Я натянул горловину майки на горлышко банки и от души захлопал себя по животу и спине.
— Кыш из-под майки, кыш!
Майка в джинсы заправлена, деваться им некуда. Будут выходить через ворот — прямо в банку!
Белый дымок под стеклом становился все плотнее, гуще. Вот они, родимые! Кто еще хочет меня пощекотать?!
Такой же фокус я проделал с джинсами, предварительно как следует заправив штанины в кроссовки. Пока выгонял из джинсов, новая партия щекотателей набилась под майку. Пока выгонял из-под майки…
В общем, через каких-то полчаса со мной осталось только одно упрямое привидение. Щекотаться оно не любило, поэтому и шлялось до сих пор на свободе. Летало вокруг головы и щипало за уши.
— Дурак!
— Дурак!
Позаниматься, что ли, с ними расширением словарного запаса? Смех один, а не привидения, только одно слово и знают. Я закрыл банку, чтобы не разлетелись, сунул в карман.
— Ну скажи: «Укушу-у», «Защекочууууу», а?

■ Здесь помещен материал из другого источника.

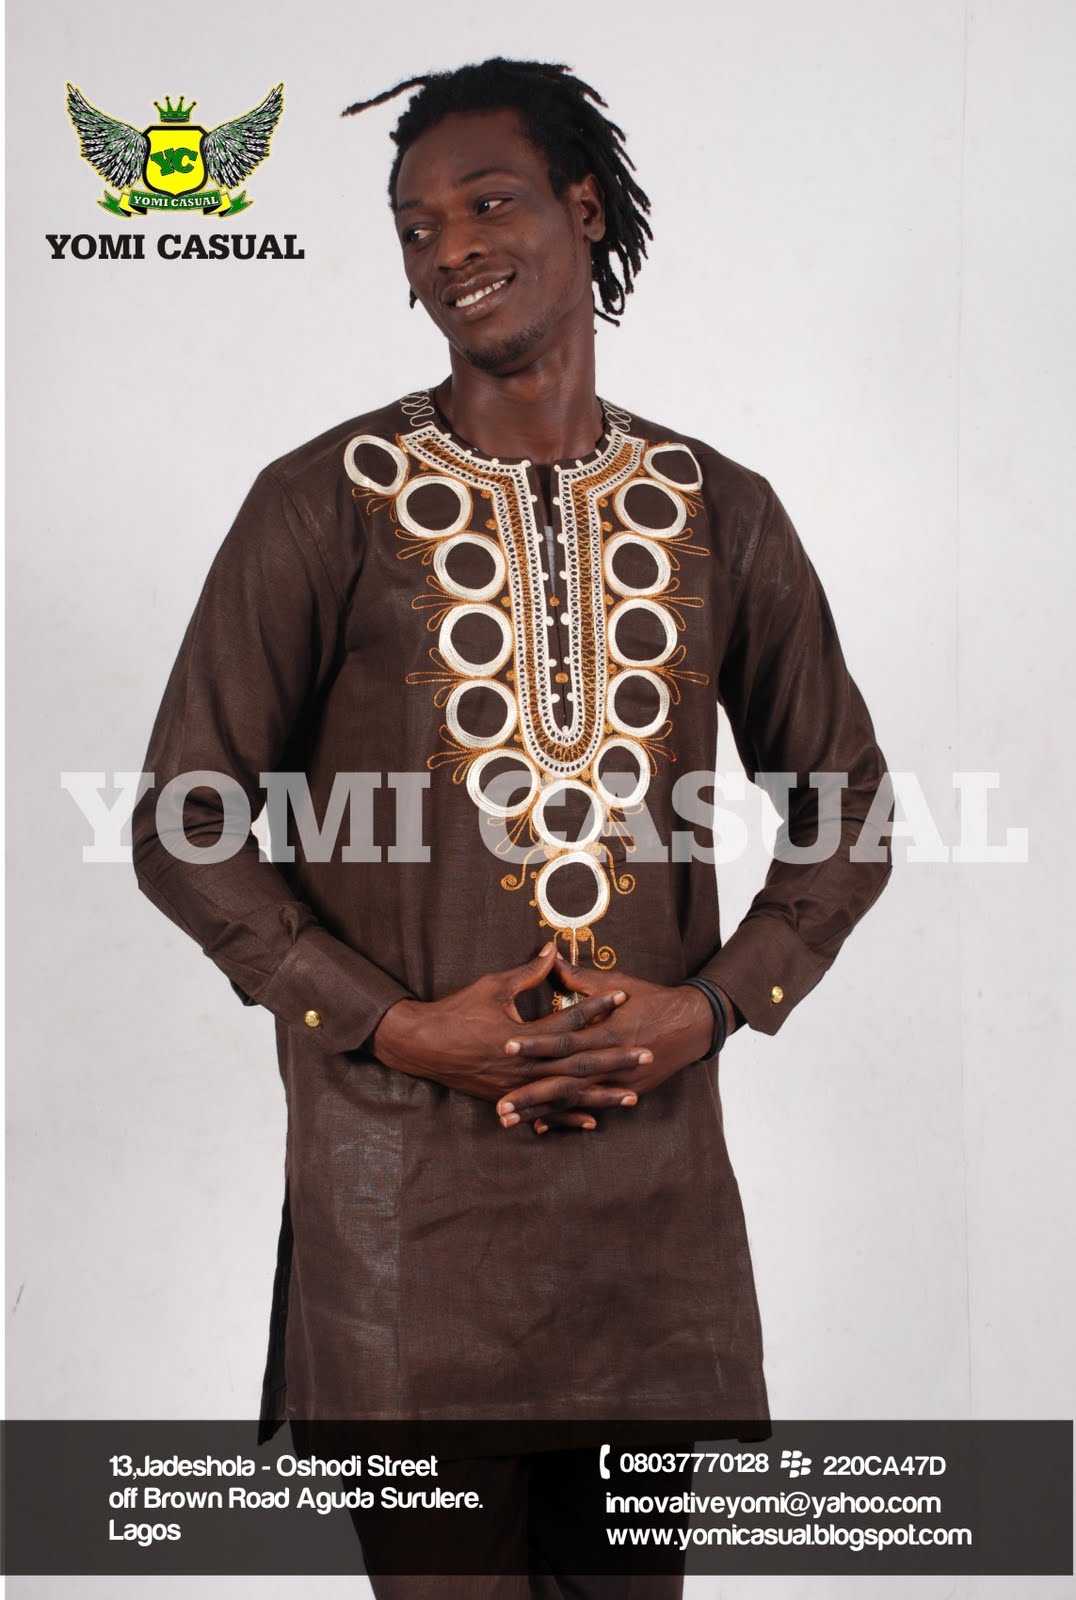 YOMI CASUAL CLOTHING: its YC AGAIN!!!

— Дурак, — не сдавалось привидение. Ну и пожалуйста! Я поймал его кепкой, как сачком, и тоже загнал в банку. Сделано! Еще одно маленькое дело сегодня, и я смогу спокойно заняться поисками Сашки.
В лицо пахнуло холодом, я даже не сразу сообразил, что уже переместился из дома с привидениями и стою на улице в темноте. Что там у меня следующее? Долго думать не пришлось. Как только глаза привыкли к темноте, я увидел, вспомнил и жутко захотел домой, потому что работа меня ждала малоприятная. Щекотать здесь меня никто не будет. Здесь вообще никто не пикнет, кроме меня, но от этого еще гаже.
На поляне в шеренгу стояли виселицы. Скрипели на ветру деревянные столбы, раскачивались на веревках повешенные. Тихо-тихо. У моих ног в землю были воткнуты лопата и нож. Проще пареной репы. Главное — не смотреть, а то приснятся еще!
Как я снимал-хоронил первого, я очень хорошо помню, потому что фиг такое забудешь. Это была женщина с огромными, будто стеклянными глазами. Смотреть страшно, она пялится на тебя, словно живая, и зажмуриться страшно: вдруг, пока ты не видишь, она… Я кое-как перерезал веревку, а потом долго-долго рыл могилу, оборачиваясь каждые пять секунд: вдруг встанет? Вдруг схватит?! Она вела себя тихо, и я немного успокоился. Потом уже действовал как автомат: срезал веревку, рыл яму, клал висельника, закапывал яму. Долго провозился. Точно долго, потому что спину ломило сильней, чем после тех скелетов. А когда прихлопнул лопатой последний комок земли, почувствовал, что сейчас упаду и никакого Сашку сегодня…. Нет, что это я? Устал просто.
Глава VIIIВ которой меня все боятся
У костра никого не было, когда я вернулся. Ночь уже, все разошлись, разлетелись по своим делам. Ну и ладно. Мне сейчас не до корпоративных посиделок, надо искать Сашку. Только где? Палыч говорил: «Заказчик уже забрал на кладбище», а где тот заказчик, где то кладбище, даже сам Палыч не знает.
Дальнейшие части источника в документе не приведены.